The final table compares (mostly) annual performance statistics for weekly, biweekly and monthly SACEMS EW Top 3 portfolios with the specified comparable lookback intervals over the available sample period. Notable points are:

  • Based on returns, the monthly measurement frequency is best, with similar MaxDDs for all three portfolios.
  • Again, higher measurement frequencies means more ETF switches and therefore higher trading frictions, such that net results may differ from gross results.
  • Again, differences in performance indicate considerable noise effects on the momentum model.

In summary, evidence from a limited sample period suggests that SACEMS at weekly and biweekly measurement frequencies are no better than the basic monthly SACEMS for a diversified momentum portfolio, especially after accounting for higher switching frictions.

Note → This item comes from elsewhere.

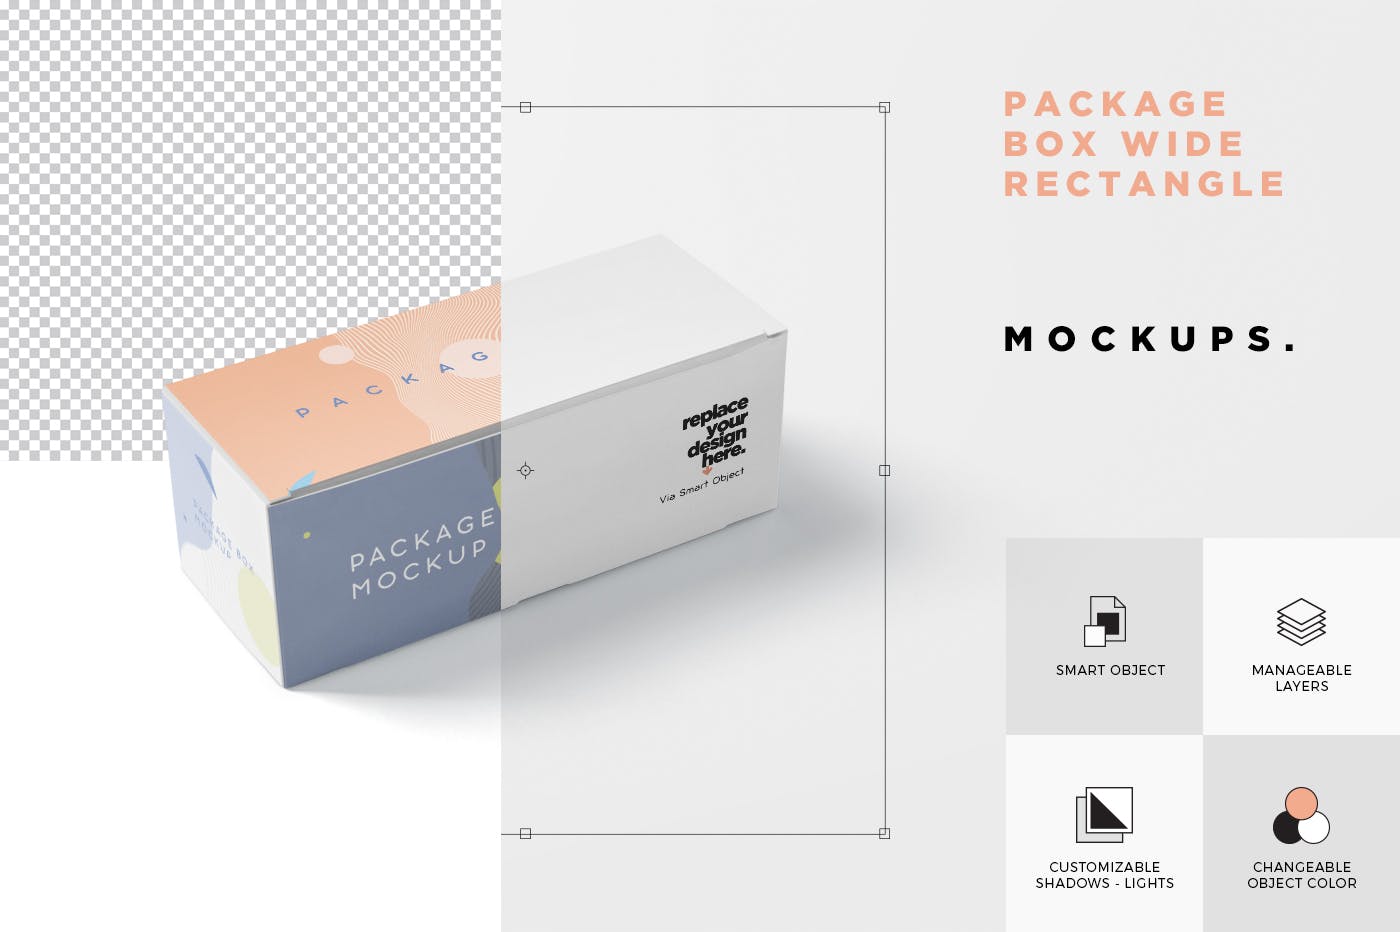 宽矩形包装盒外观设计效果图蚂蚁素材精选 Package Box Mock-Up Set – Wide Rectangle插图(6)

Cautions regarding findings include:

  • As noted, sample size is modest (about 27 independent lookback intervals).
  • As noted, annual measurements are slightly misaligned for end-of-week versus end-of-month data. Measurement frequency also affects MaxDD measurements.
  • As noted, analyses are gross. Accounting for costs of regular portfolio reformation would reduce returns, and performance reduction deepens as portfolio reformation frequency increases.
  • Weekly and biweekly measurement frequencies require more effort than monthly measurements.
  • Other weekly and biweekly lookback intervals may work better, but experimentation would elevate data snooping bias, which is especially pernicious for small samples.
  • Other cautions noted in “Simple Asset Class ETF Momentum Strategy” apply.